The first group of workers to arrive in the Marshall Islands since the border was closed in March due to the Covid-19 pandemic are scheduled to arrive today on a chartered Fiji Airways flight.
The government-owned national carrier Air Marshall Islands is chartering a Fiji Airways aircraft to bring in 49 people from Fiji who were described as "essential" workers.
With the exception of a handful of diplomatic officials from the United States and Australia, and US Army base workers at the Kwajalein missile range who repatriated through extended quarantines at the US base, no people had entered the country since early March.
The Office of the Chief Secretary, (OCS), said the purpose of the flight is to bring in workers essential to the Covid-19 response. This includes health care workers destined for hospitals on Majuro and Ebeye Islands, pilots for the airline, and educators for the University of the South Pacific campus, College of the Marshall Islands, and local public secondary schools.
The anticipated 49 people departing from Fiji will receive a Covid-19 test prior to departure and will undergo 14 days of secure quarantine at the Arrak Quarantine Facility in Majuro with additional Covid-19 testing on day 7 and day 14 of quarantine. The Arrak facility was established earlier this year by the Ministry of Health and Human Services using a satellite campus of the College of the Marshall Islands for a quarantine and isolation facility for Covid-19 prevention.
"Like the Marshall Islands, Fiji does not have any community transmission of Covid-19 with active Covid-19 cases in secure and controlled border quarantine," said the government's Chief Secretary Kino Kabua.
Meanwhile, at the US military base at Kwajalein, the three Marshallese who tested positive for Covid-19 while in quarantine at Kwajalein on 15 November, tested negative a week later, said the Chief Secretary in a statement this week.
The entire group of 27 Marshallese citizens in quarantine at Kwajalein was re-tested November 22.
"A repeat SARS-CoV-2 (Covid-19) test was carried out on 22 November, and no new cases of Covid-19 have been identified," said Kabua. "In addition, the cases notified on 15 November have returned negative Covid-19 tests this week."
Health authorities who are managing the quarantine process at Kwajalein said none of the 27 have shown any symptoms related to Covid-19 and all of the medical and security staff managing the quarantine facility "also returned negative Covid-19 tests," said the Chief Secretary.

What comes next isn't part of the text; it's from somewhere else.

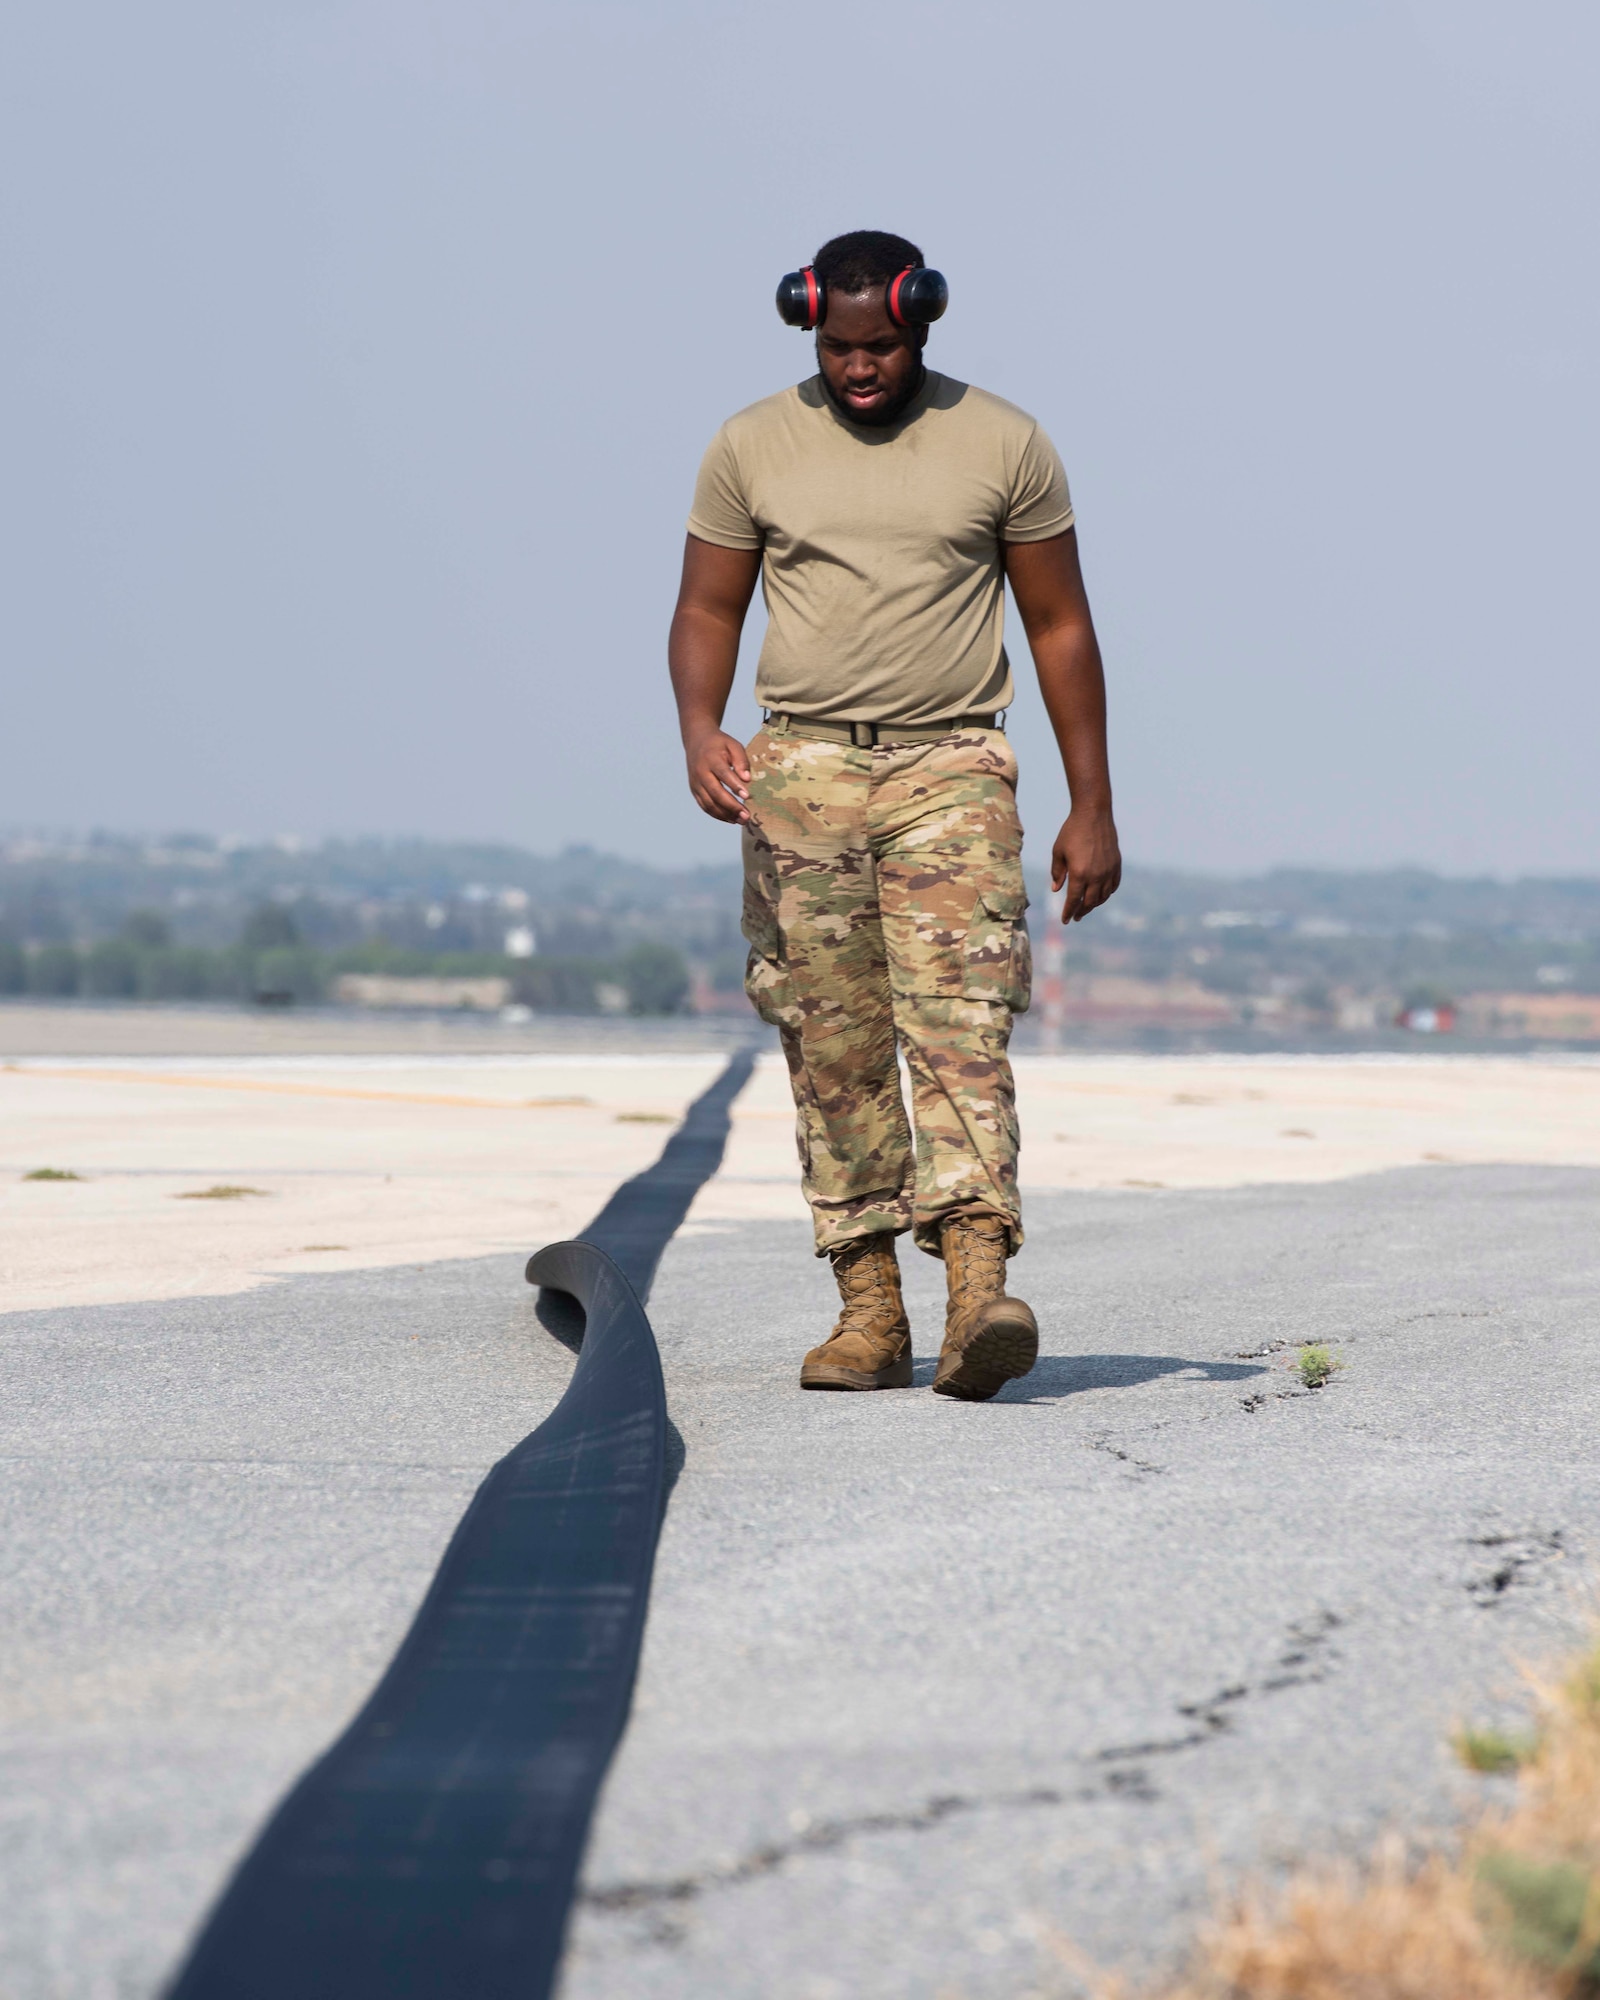 A man walks along an outstretched cable that stretches across a runway

The group, pending final Covid-19 testing this weekend, is scheduled for release this Sunday, November 29 after four weeks of quarantine at the Army base.
The quarantine period was extended by an extra seven days when three members of the group tested positive for Covid-19 on 15 November.
This is the first group of Marshallese stranded by the Covid-19 border closure to be repatriated from Hawaii.
There is no confirmed date for a second group as government officials said they are working to improve the process for managing quarantine and airport transfer in Hawaii prior to the next group of islanders returning home.